Biden, Cumhuriyetçi Parti’ye özellikle, bireysel silahlanma, iklim değişikliği ve göçmen reformu gibi konularda birlikte çalışma çağrısını yineledi, ayrışmak değil sorun çözmeye odaklanılması gerektiğini ifade etti.
Basının dikkat çektiği en önemli konu Meksika sınırındaki göç hakkındaydı. Aileleri yanlarında olmadan ABD sınırına geçmeye çalışan çocukların sayısındaki artış ile ilgili sorular yöneltildi. Biden, göçmenlik ile ilgili sorunların kaynağının Trump yönetiminin politikaları olduğunu söyledi.
2024 ABD Başkanlık seçimleri için tekrar aday olup olmayacağı konusundaki soruya, yeniden aday olmayı planladığını ve başkan yardımcısı olarak Kamala Harris ile devam etmeyi düşündüğünü söyledi.
Çin ile ilişkiler konusunda, geçtiğimiz günlerde Çin’e net şekilde kendileriyle karşı karşıya gelmeyi istemediklerini ilettiklerini belirtti. Özellikle rekabet ve ticaret konusunda Çin’in uluslararası kurallara uygun hareket etmesi konusunda zorlayıcı olacaklarını vurguladı. Çin Devlet Başkanı Xi Jipping’i eskiden, başkan yardımcılığı döneminden tanıdığını, demokrasinin zerresinin bile kendinde olmadığını; ancak zeki biri olduğunu ifade etti.

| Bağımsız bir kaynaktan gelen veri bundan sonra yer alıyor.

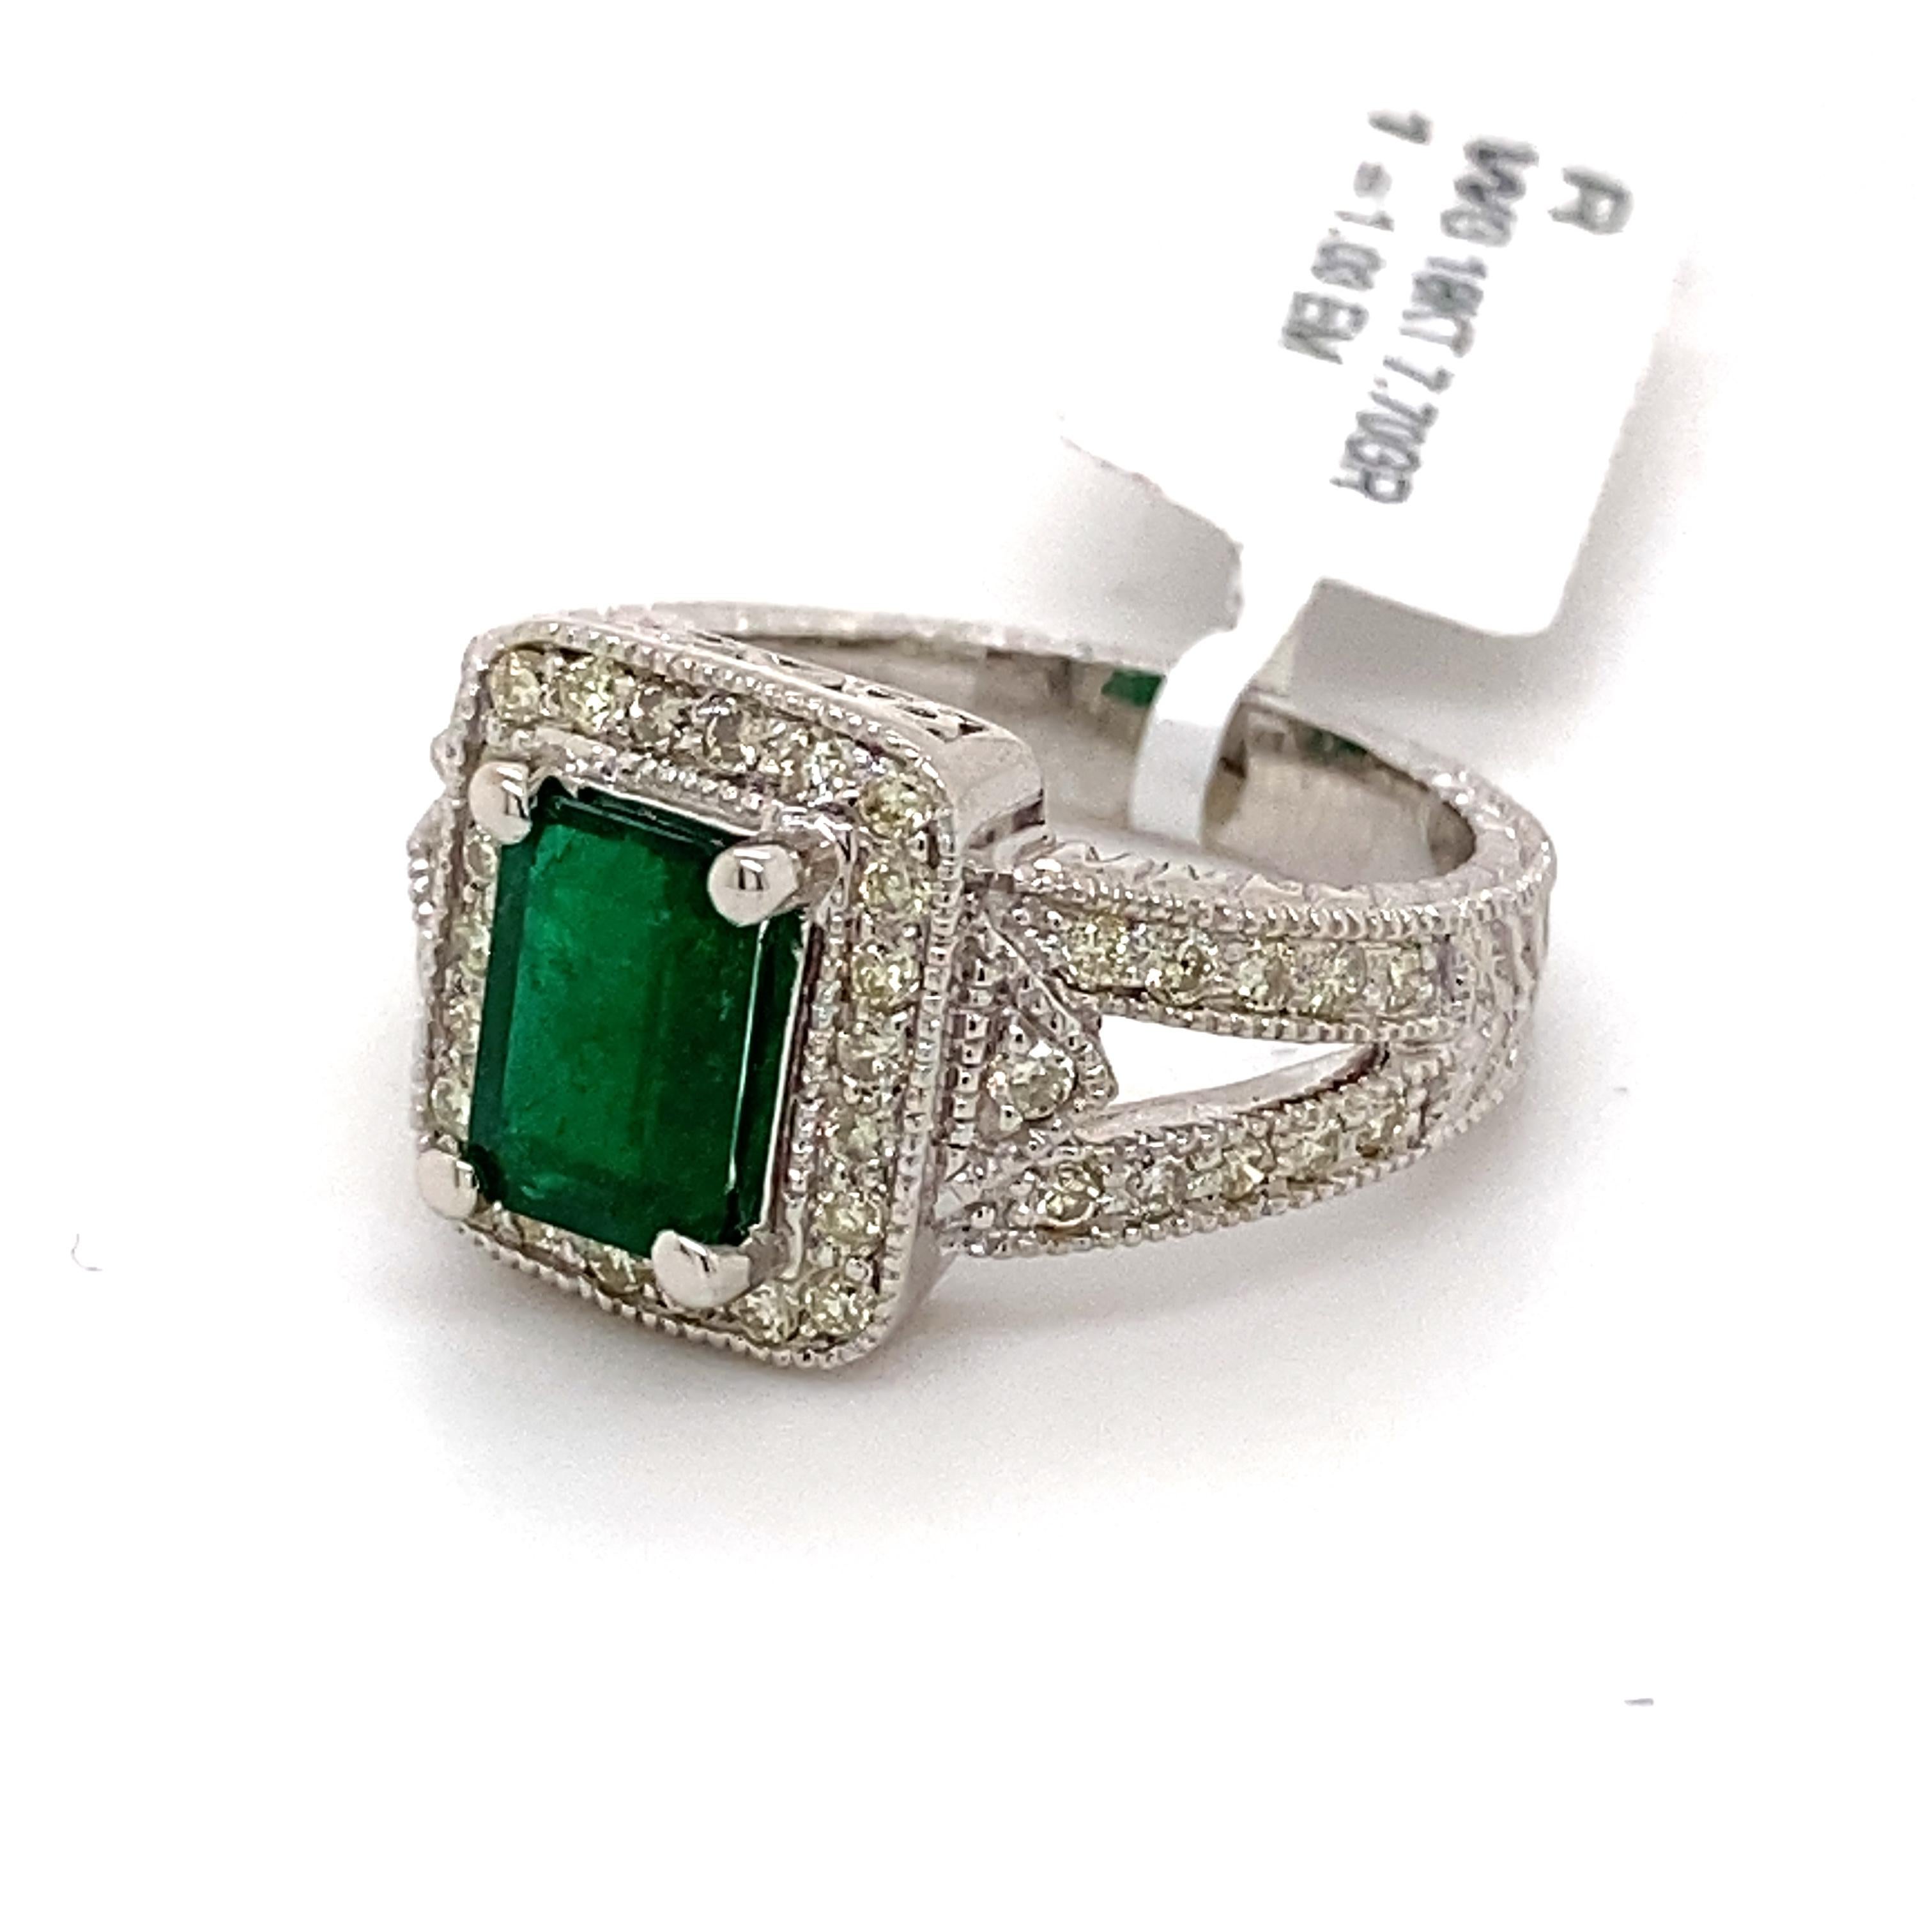 Emerald Cut Art Deco Style 1.73ctt Emerald with Diamond Halo Ring 18k White Gold For Sale

Kendi başkanlığı döneminde Çin’in asla dünyanın lider ülkesi konumuna gelemeyeceğini söyledi. Şincan Uygur Özerk bölgesinde ve Hong Kong’da yaşananlara dikkat çekmeye sonuna kadar devam edeceklerini belirtti.
Kuzey Kore hakkında da konuşan Biden, Kuzey Kore’nin en önemli dış politika önceliklerinden olduğunu, yapılan balistik füze denemelerinin 1718 sayılı Birleşmiş Milletler kararını ihlal ettiğini, diplomasi yoluyla ilerlemek istediklerini ancak gerilim artarsa ABD’nin karşılık vereceğini söyledi.
Diğer bir konu Afganistan Savaşı hakkındaydı. Biden, seneye bu zamanlar ABD askerlerinin Afganistan’da olacağını düşünmediğini, ayrılmanın planlı, güvenli ve düzenli şekilde gerçekleştirilmesinin hedeflendiğini anlattı.
Küresel hakimiyet için demokrasi ile otokrasinin mücadele ettiğini, dünya için gerçek tehlikenin bu olduğunu ve demokrasinin işe yaradığını kanıtlamaları gerektiğini vurguladı.
Basın toplantısında Türkiye ile ilişkiler gündeme gelmedi.